Simultaneous Determination of Schisandrin and Promethazine with Its Metabolite in Rat Plasma by HPLC-MS/MS and Its Application to a Pharmacokinetic Study
This study aimed to develop a selective, simple, and sensitive HPLC-MS/MS method for the simultaneous determination of schisandrin and promethazine (PMZ) with its metabolite in rat plasma, which was further used for a pharmacokinetic herb-drug interaction study. HPLC-MS/MS analyses were performed on an Agilent Technologies 1290 LC and a 6410 triple quadrupole mass spectrometer. The following parameters, the lower limit of quantification (LLOQ), calibration curve, accuracy, precision, stability, matrix effect, and recovery, were validated.
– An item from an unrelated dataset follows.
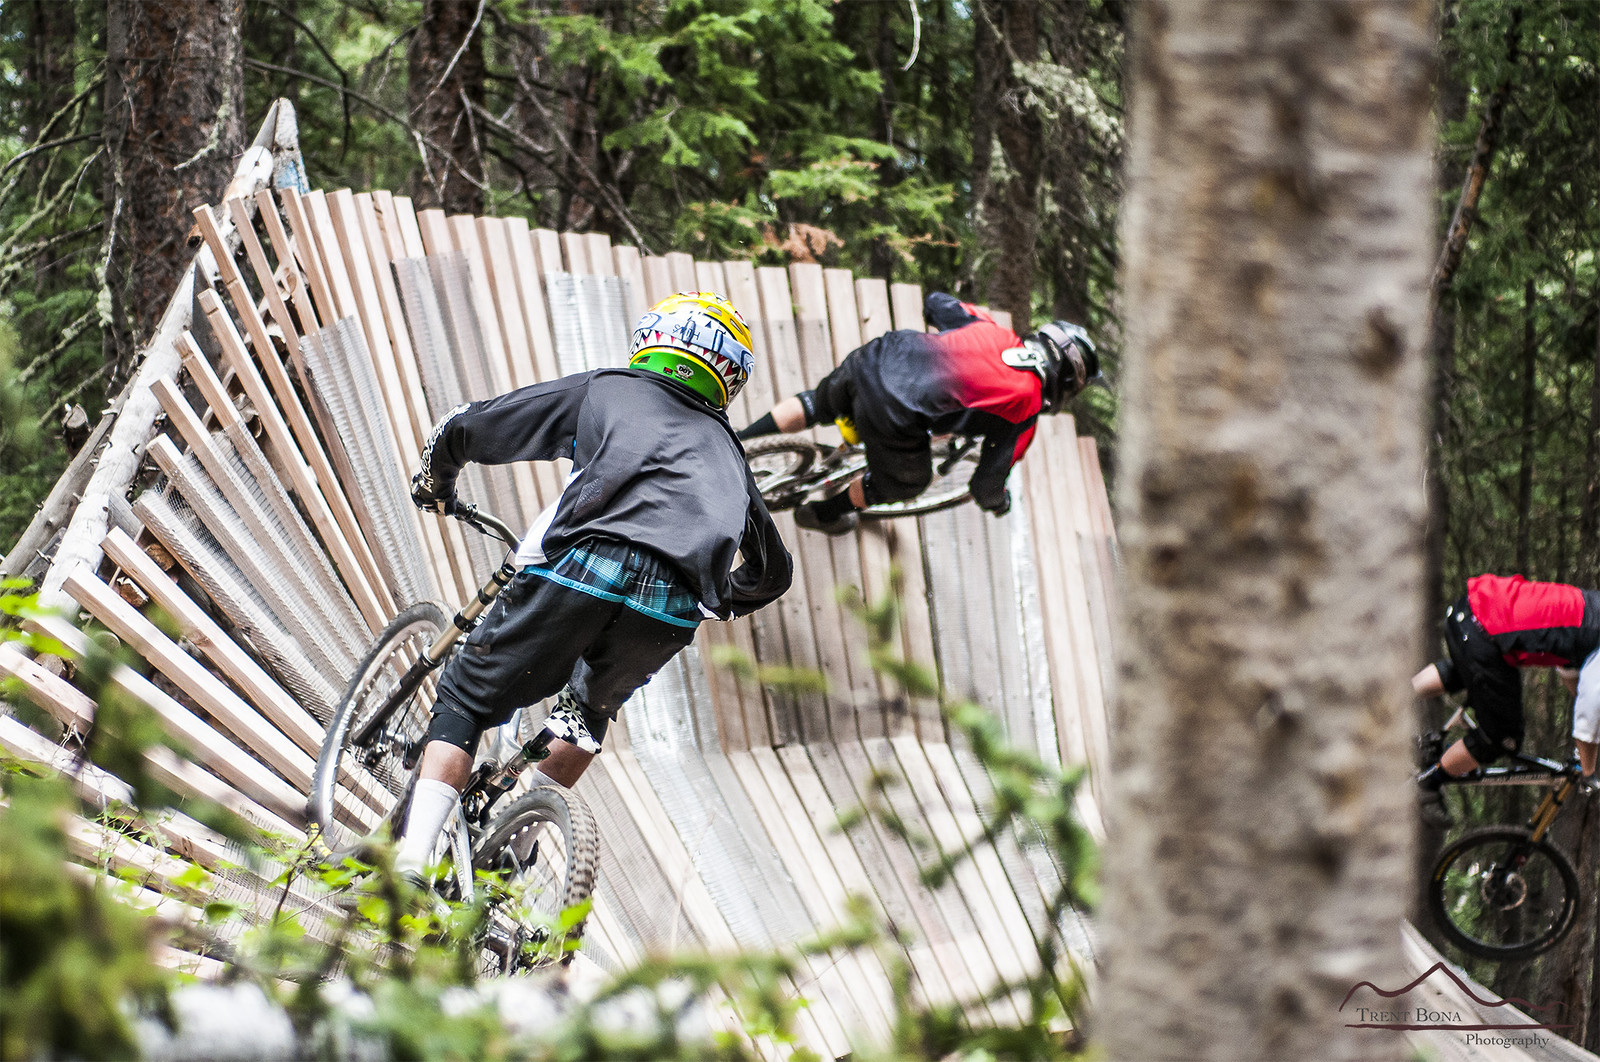 Woods Wall Ride - Evolution Bike Park - Mountain Biking Pictures - Vital MTB
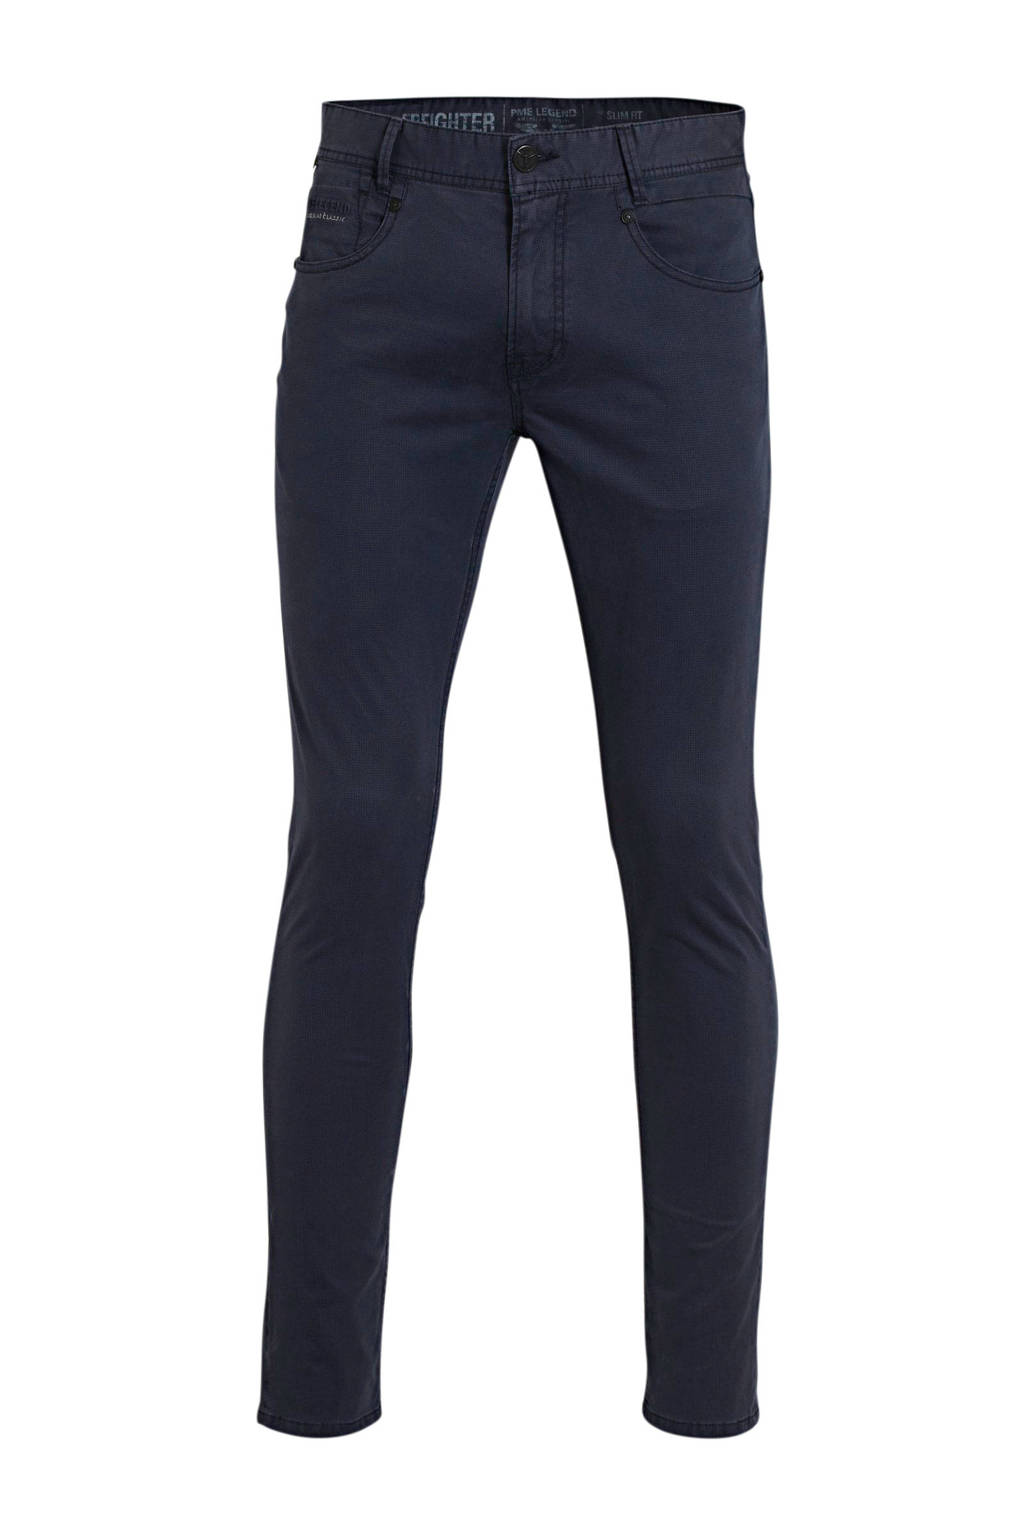 PME Legend slim fit broek donkerblauw, Donkerblauw

The linear range of the developed method for PMZ, its metabolite promethazine sulfoxide (PMZSO), and schisandrin in rat plasma was 0.5–200 ng/mL (R2 > 0.995), with an LLOQ of 0.5 ng/mL, which completely met the determination requirements of biosamples. The intra- and interday precision (RSD, %) was below 13.31% (below 16.67% for the LLOQ) in various plasma, whose accuracy (bias, %) was from −8.52% to 11.40%, which were both within an acceptable range. This method was successfully applied to a pharmacokinetic herb-drug interaction study after oral administration of PMZ with or without S. chinensis water extract. The results demonstrated that coadministration with the S. chinensis water extract might affect the pharmacokinetic behaviors of PMZ. In turn, when taken together with PMZ, the pharmacokinetic parameters of schisandrin, the main active component of S. chinensis, were also affected. The method established in the current study was selective, simple, sensitive, and widely available with good linearity, high accuracy and precision, and a stable sample preparation process. Moreover, this analytical method provides a significant approach for the investigation of herb-drug interaction between S. chinensis and PMZ. The potential pharmacokinetic herb-drug interaction of PMZ- and schisandrin-containing preparations should be noted.